An Upper Left Origin
A native of Oregon, Noah Fahlgren grew up with easy access to the natural world.
Living in the Willamette Valley, he was in the center of an ecologically diverse state: drive an hour west and he was at the coast. An hour east and he was surrounded by mountains. An inherent appreciation of nature and a fascination with science and computers helped to lead him to where he is today, principal investigator and director of our Data Science core facility at the Danforth Center.
From Lab Bench to Data Analysis
Like many scientists, invested teachers became powerful mentors in Noah’s life, and helped define his career. As an undergraduate student, he started working in the lab of Dr. Jim Carrington at Oregon State University. “Before I started working in the lab, I hadn’t thought about working with plants. I became really interested in the research they were doing in the Carrington Lab, so I decided to go to graduate school and work in the lab as a PhD student,” explains Noah.
At the same time, Noah began pursuing a career in plant science, a new technology was emerging in the scientific community: high-throughput DNA sequencing. “We went from sequencing a few hundred DNA molecules at a time to doing millions at a time.” A year into grad school, the lab was collecting so much data that he began learning how to program and do data analysis with a computer. “I shifted pretty hard away from lab work at that point.” He hasn’t looked back since.
Data Science with a Mission
Today, Noah leads the Data Science Facility. His team builds computational tools that help other scientists solve big data problems. These custom tools could be anything from an algorithm, to a program, to the infrastructure that houses a particular suite of software tools. “A lot of times in science, you can’t just ask a question and use a tool that comes out of the box,” says Noah. As a result, he has made it his team’s mission to be a collaborative hub at the Danforth Center that creates tools that help bridge different areas of expertise.
There is no better example of Noah’s mission-in-action than PlantCV, an open-source image analysis software package for plant phenotyping. PlantCV helps scientists get biologically meaningful data out of hundreds of thousands of images. “The software solves a big data problem because there are a lot of dimensions to the data we can derive from images. PlantCV is able to process all of that dimensionality and distill it into meaningful data that we can do something with, in a biological sense,” explains Noah.
When Noah and his collaborators developed PlantCV, it was important to them to make it accessible to everyone. “We want our tools to be usable by everybody, meaning you shouldn’t have to be a computer expert to use the tools, and they’re freely available.” That goes for all of the tools that Noah’s team develops.
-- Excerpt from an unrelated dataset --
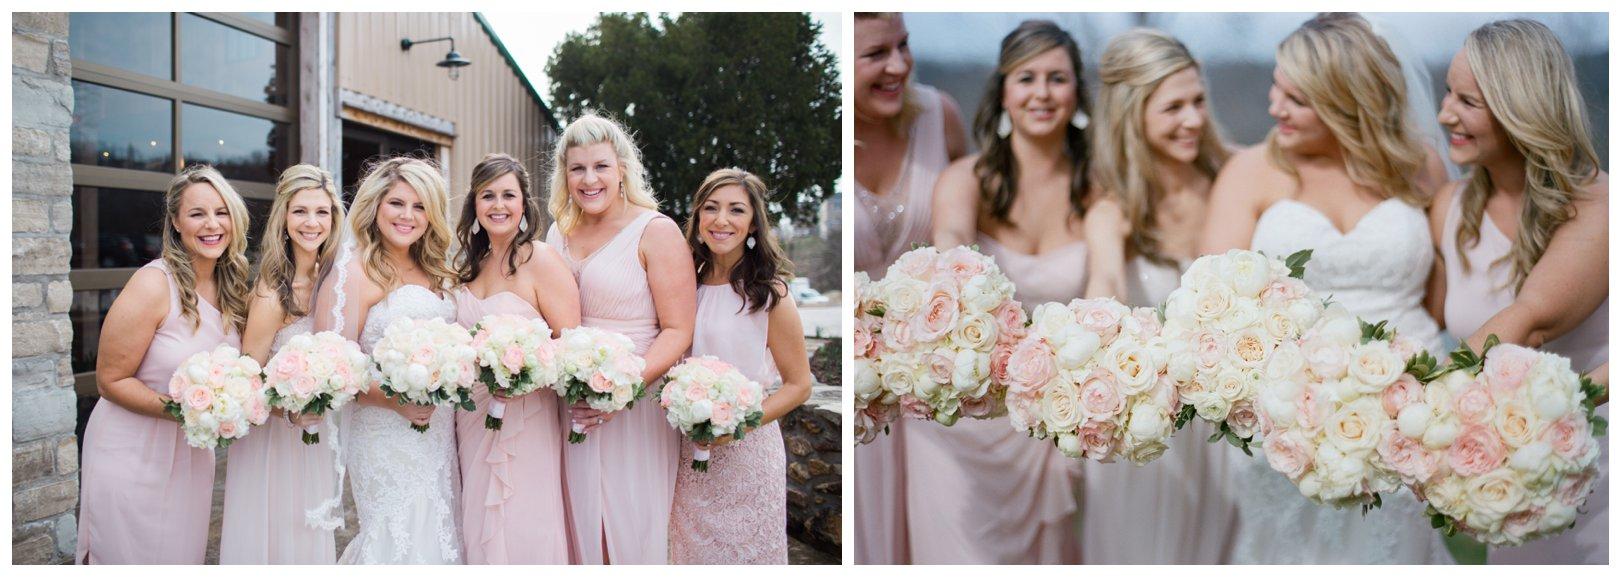 lauren muckler photography_fine art film wedding photography_st louis_photography_0976.jpg

As a result, PlantCV is a tool that is used across the globe. Noah’s team has even made new components of PlantCV based on user feedback. By being easily accessible, the tools developed by Noah and his team are empowering scientists around the world.
Feeding The World, Faster
“Measuring phenotypic data is a major bottleneck when it comes to crop improvement,” explains Noah. Advances in DNA sequencing technology have made it quicker and more cost efficient to measure genetic variation, but collecting phenotypic data is still expensive because it involves lots of human time. By developing imaging and image analysis technologies, Noah is making it quicker and more cost efficient for researchers to monitor phenotypes. Being able to quickly and inexpensively measure both genetic and phenotypic data together would also drastically reduce the cost and time it takes to make informed breeding decisions, ultimately helping us improve crops at a faster rate. “We envision that imaging technologies, coupled with computer vision and machine learning analysis approaches will have an impact on each step of the crop improvement process, from basic research, to breeding, to precision agriculture applications. These technologies create their own bottlenecks because the datasets are big and complex, but that’s also what makes the work so exciting because the tools and infrastructure we develop can help to tackle these issues.”